We reported a 2018 net loss of ($15,544,551), or
($1.93) per share, compared with a prior-year net loss of
($12,252,457), or ($1.76) per share.
Fourth Quarter Operating
Results
For the three-months ended December 31, 2018,
our revenue decreased by 17% to approximately $2.4 million,
compared with revenue of approximately $2.9 million in the fourth
quarter of the previous year. Gross profit was $56,658 (2% of
revenue) in the fourth quarter 2018, versus $86,295 (3% of revenue)
in the fourth quarter 2017.
Selling, General and Administrative (“SG&A”)

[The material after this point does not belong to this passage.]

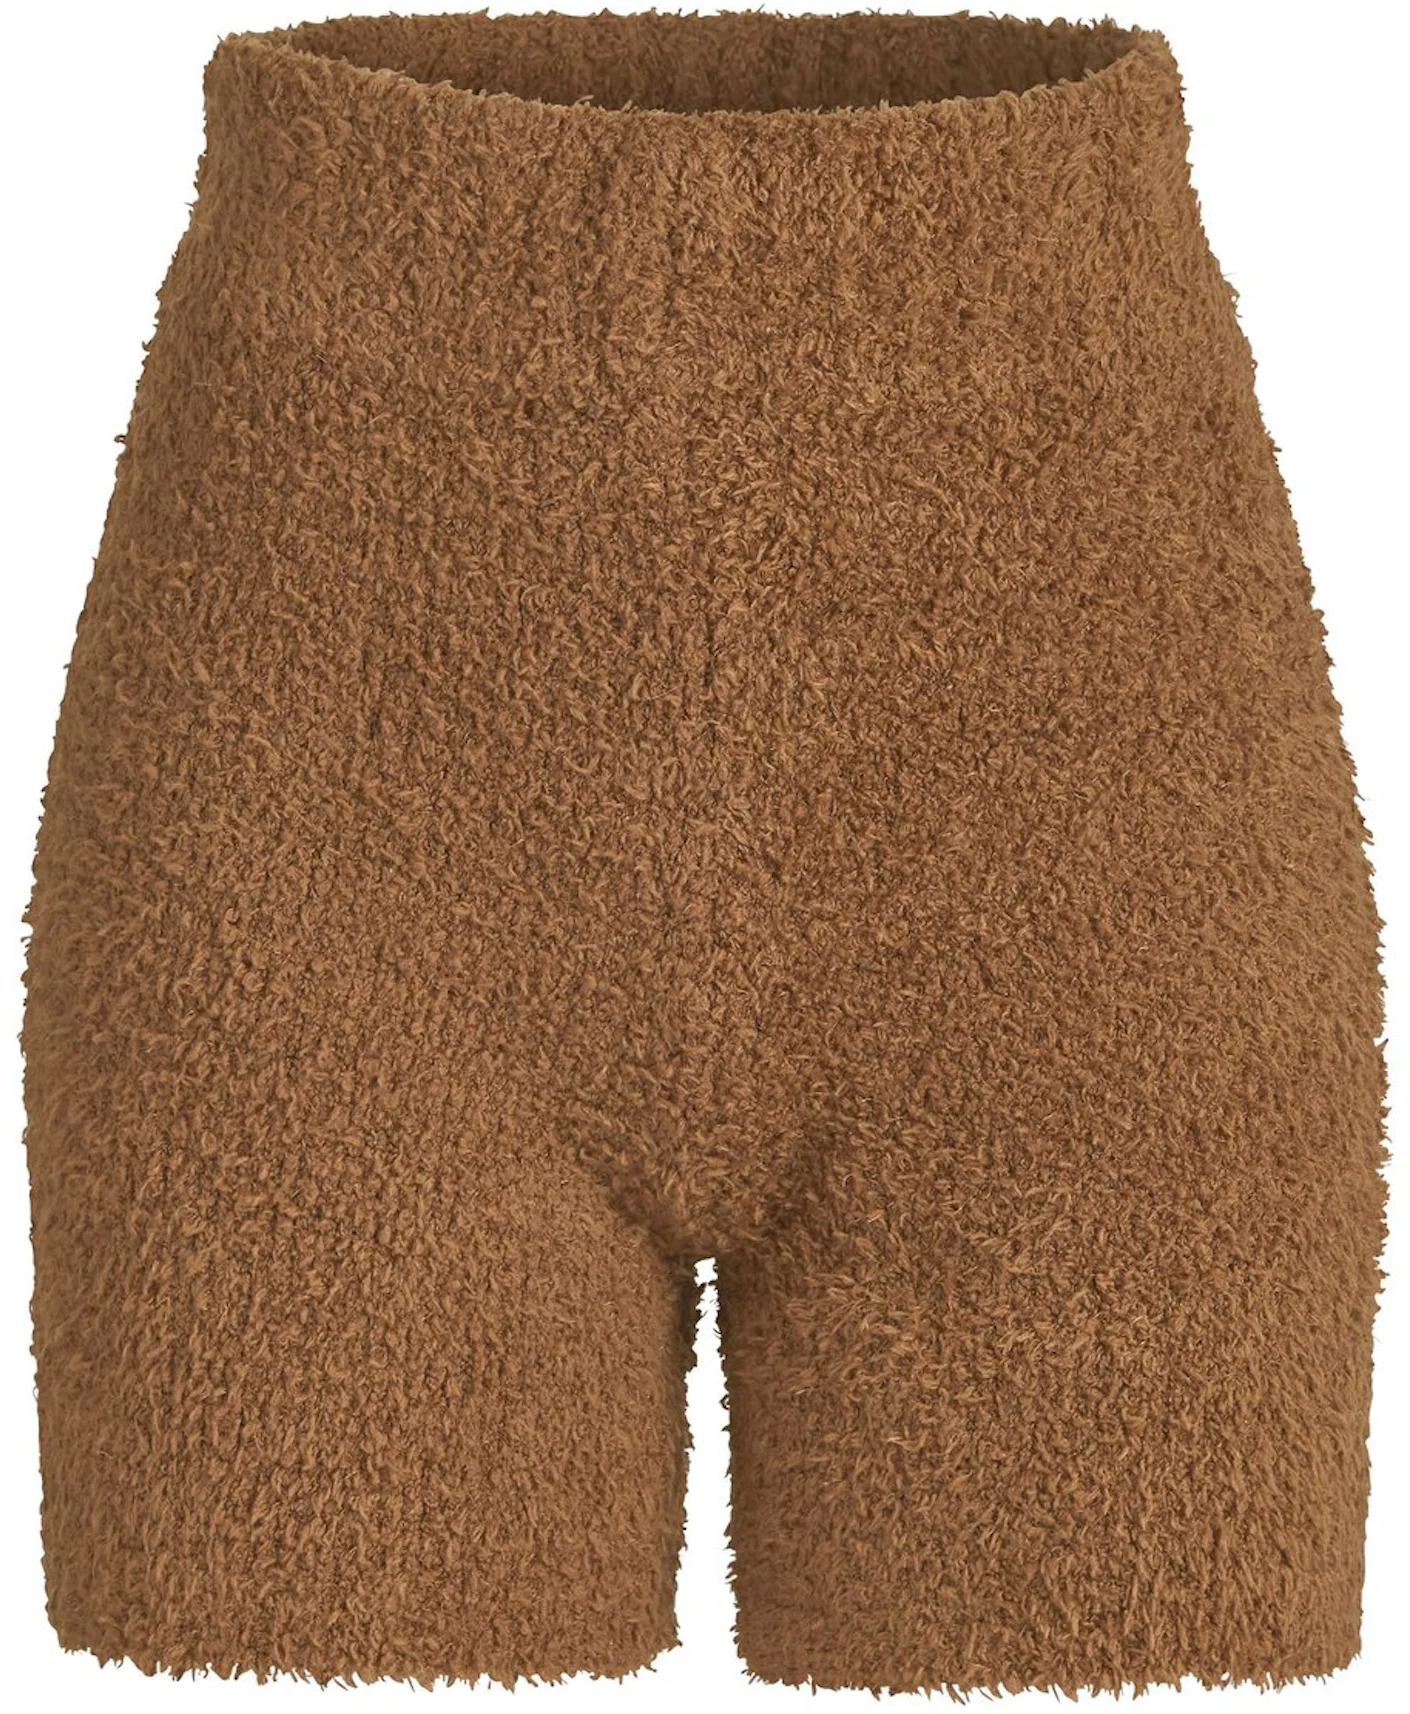 Skims brown cozy knit - Gem

expenses increased approximately 37% to $5,292,374 in the three
months ended December 31, 2018, versus $3,874,255 a year
earlier. We incurred significant legal fees and expenses in
the fourth quarter 2018 related to the ongoing Axon, WatchGuard and
PGA lawsuits. The Axon and WatchGuard case stays have been lifted
and both lawsuits are proceeding towards trial.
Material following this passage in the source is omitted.